Everything else in the template (MPI bootstrap, NCCL communicator init, reduce-scatter sub-communicator, benchmark loop, correctness check, cleanup) is agnostic of the number of GPUs.

Environment

All builds and runs happen inside an Apptainer container defined by stragglar/compilar.def. The container ships a coherent CUDA + NCCL + OpenMPI + PyTorch toolchain (NGC pytorch:23.10-py3), so the host only needs:

  • An NVIDIA driver (≥ 535 for our base image)
  • Apptainer ≥ 1.3
  • An MPI launcher (host mpirun on a TCP cluster, or Slurm srun on an HPC cluster)

No host-side CUDA, NCCL, MPI, Python, or PyTorch installation is required.

Build the SIF (once per cluster)

cd stragglar
sudo apptainer build compilAR.sif compilar.def
# or, if sudo is unavailable:
apptainer build --fakeroot compilAR.sif compilar.def

Place compilAR.sif somewhere visible from every node (e.g. NFS-shared $HOME).

Usage

1. Generate a schedule

cd stragglar/schedules
python synthesizer_pow2.py 8 > 8gpusched.txt

Pre-generated schedules for N=2, 4, 8 are already in schedules/.

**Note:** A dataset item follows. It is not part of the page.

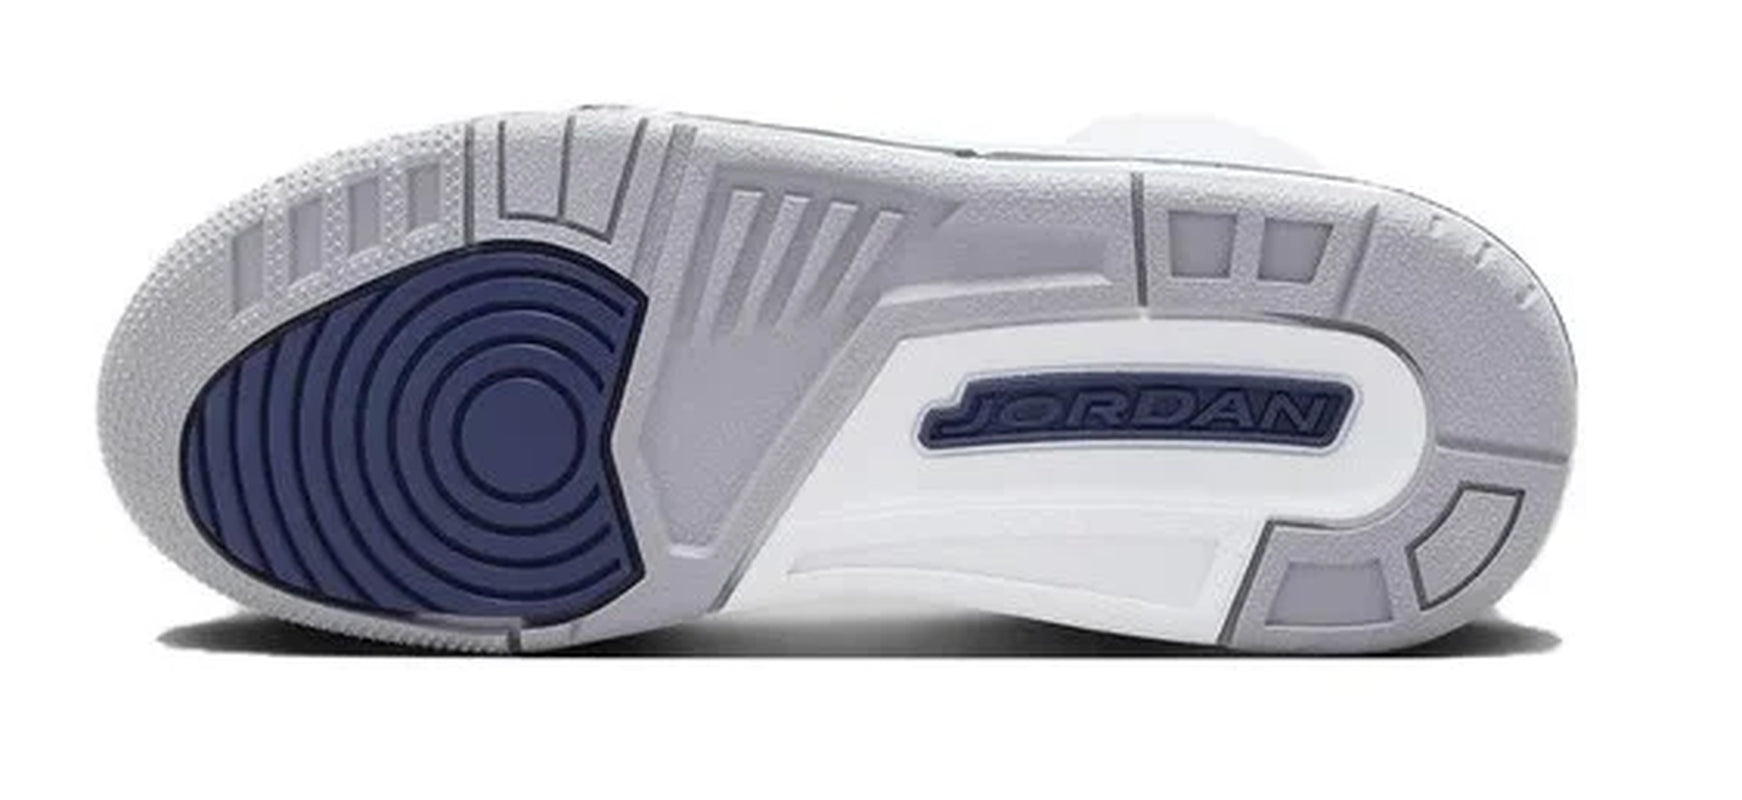 Big Kid's Air Jordan 3 Retro White/Midnight Navy Sneakers - Size 4

2. Compile the schedule to CUDA

cd stragglar
apptainer exec --nv compilAR.sif python3 compilAR.py schedules/8gpusched.txt generated_8gpu.cu

3. Build the binary

The container provides stragglar-build, which produces a fat binary that runs on every shipping NVIDIA GPU from Pascal (sm_61) through Hopper (sm_90), with PTX fallback for newer cards:

apptainer exec --nv compilAR.sif stragglar-build generated_8gpu.cu stragglar_8gpu

For a faster, GPU-specific build (host's GPU only):

apptainer exec --nv compilAR.sif stragglar-build --native generated_8gpu.cu stragglar_8gpu

4. Run

TCP cluster (host mpirun as launcher)

mpirun -np 8 -H host1:4,host2:4 \
    --mca btl_tcp_if_include <iface> \
    -x NCCL_P2P_DISABLE=1 \
    -x PMIX_MCA_psec=native \
    -x PMIX_MCA_gds=hash \
    apptainer exec --nv compilAR.sif ./stragglar_8gpu 117440512 stragglar 10 100.0

The PMIX_MCA_* flags reconcile the host PMIx with the container's PMIx; drop them if your host and container OpenMPI versions match. NCCL_P2P_DISABLE=1 is needed only on consumer (GeForce) GPUs where PCIe P2P is disabled in the driver.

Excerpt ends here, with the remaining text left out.